# Disable Cellular Data... keep WiFi



## clubdawg2k1 (Sep 13, 2007)

Hey Everyone,

New here but I've been on hackint0sh for a bit.

Question... I thought I would ask on the Canadian site because a lot of US customers have unlimited data.

Is there a way to disable the cellular data service (Rogers Wireless) on my iPhone? I want to keep WiFi obviously because the data is free, but I cannot get caught racking up huge cellular data charges through Rogers.

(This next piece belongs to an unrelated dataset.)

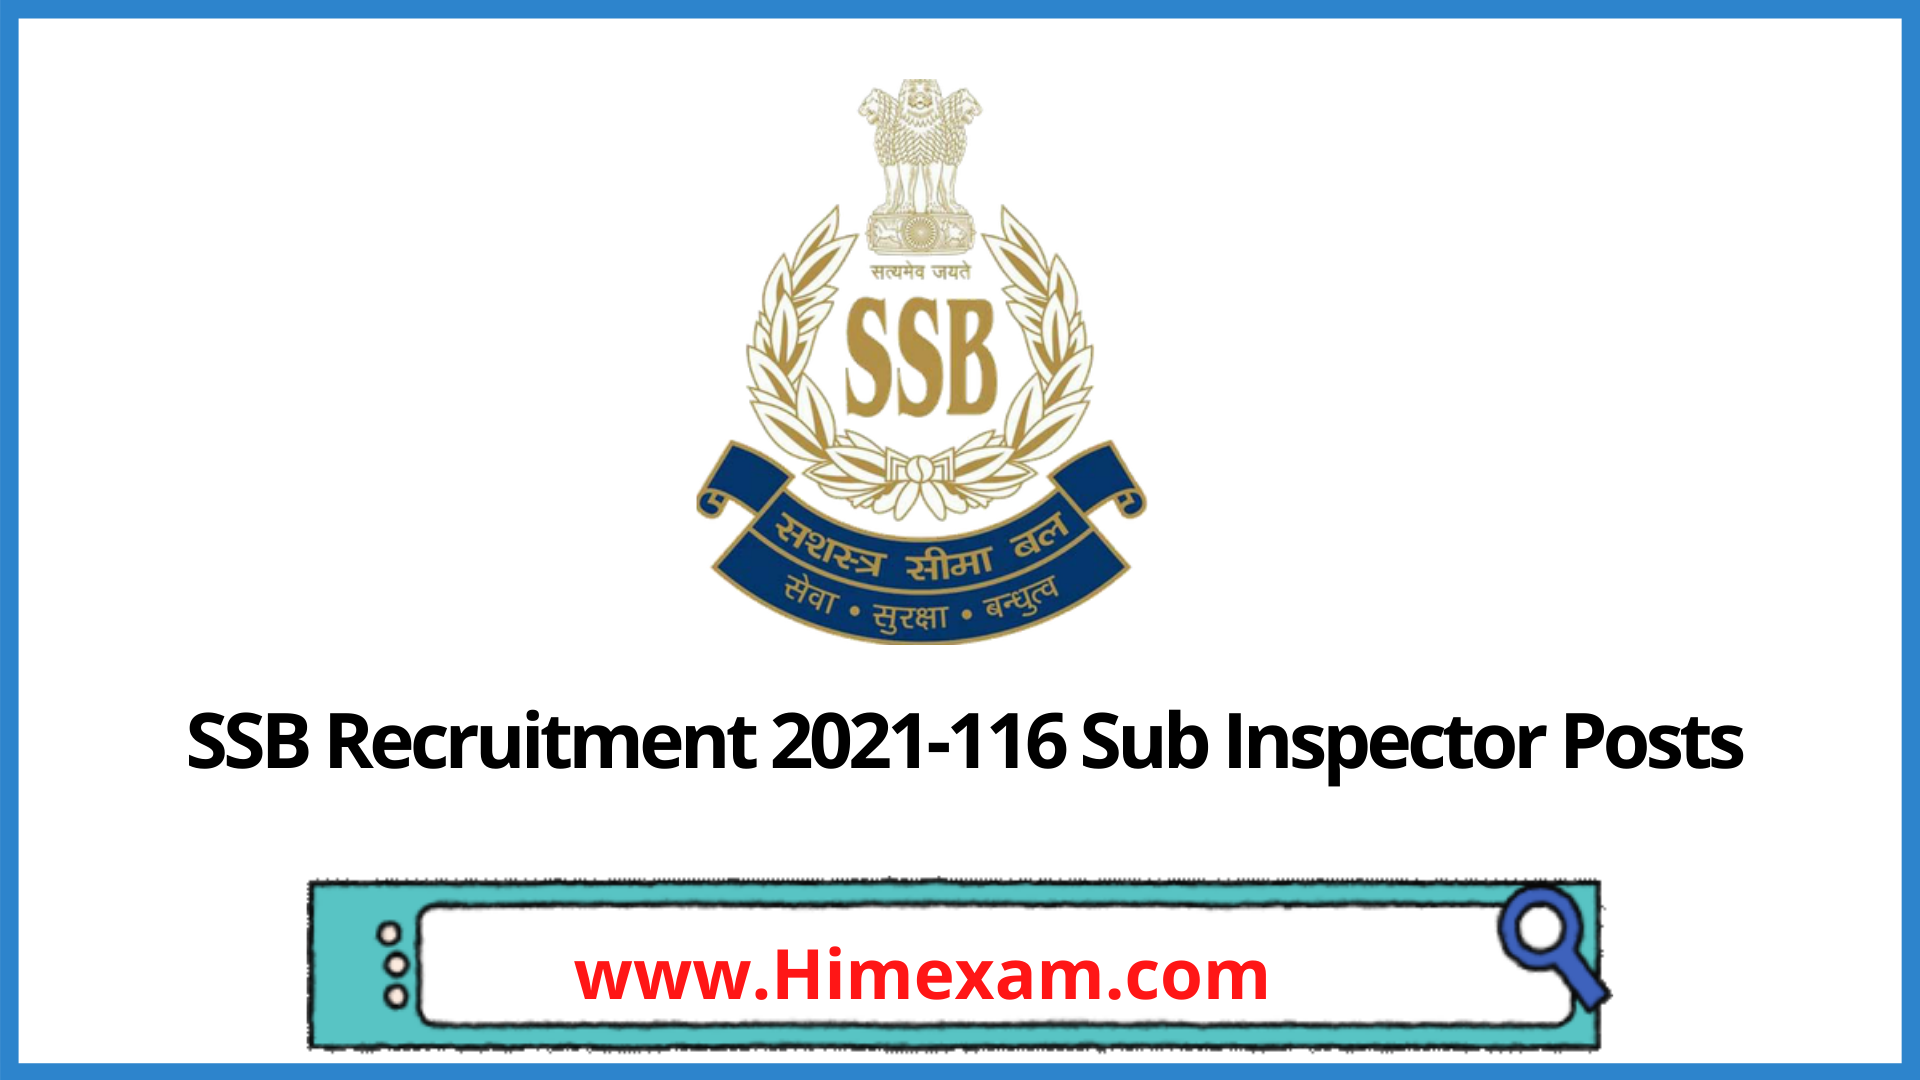 SSB Recruitment 2021-116 Sub Inspector Posts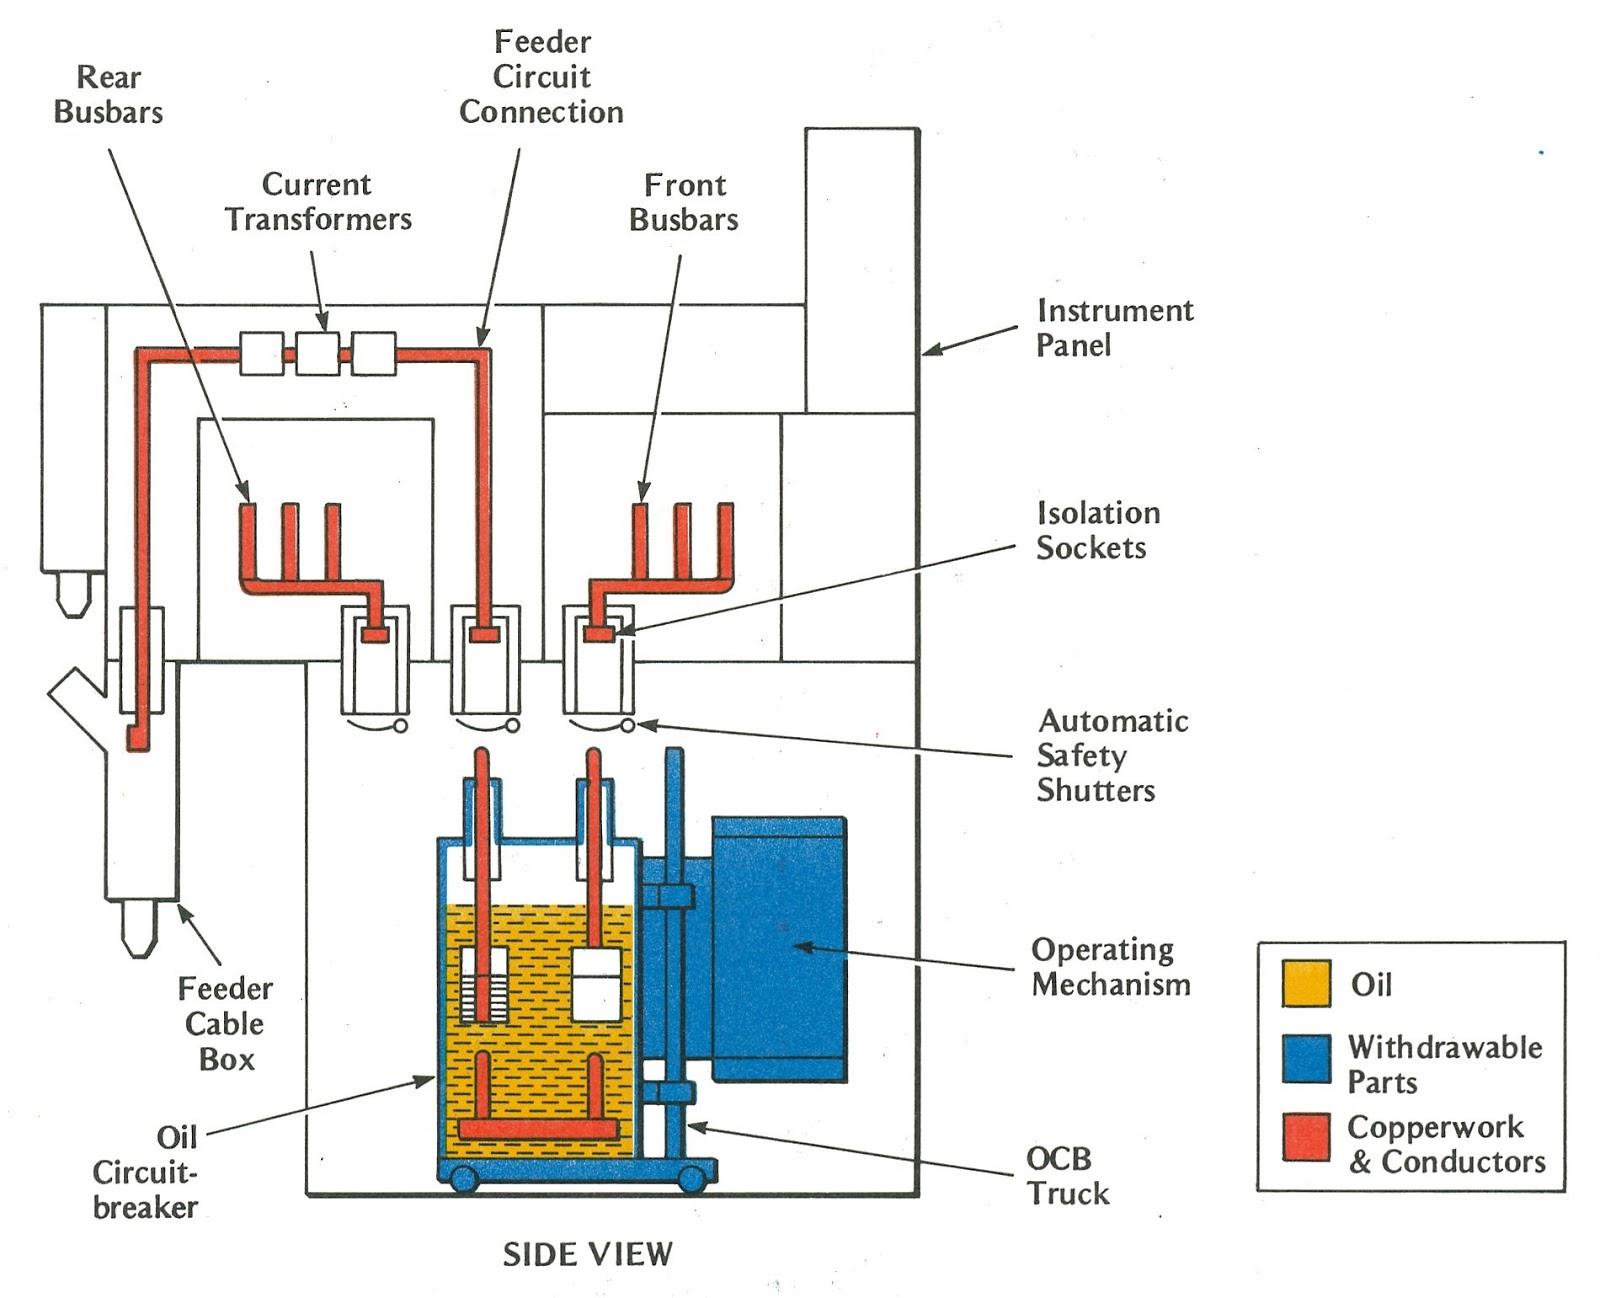 medium resolution of high voltage switchgear wiring diagram wiring diagram yer wiring diagram high voltage switch gear

So basically, block any GSM/Edge transfer...

Cheers...

Ps: I was just thinking, I will call up Rogers and ask if they can disable the feature from their end. I will post back and let you know. But, if anyone knows of an edit I can do to my iphone's firmware to do this easier please let me know!


----------



## HowEver (Jan 11, 2005)

.


----------



## scandy (Aug 11, 2007)

Seeing as I dont think I'll ever have an emergency situation, I think that not even entering the settings into the phone will be the option for me. I have wifi in my house, and its floating around quite a few places that I frequent so I should be safe.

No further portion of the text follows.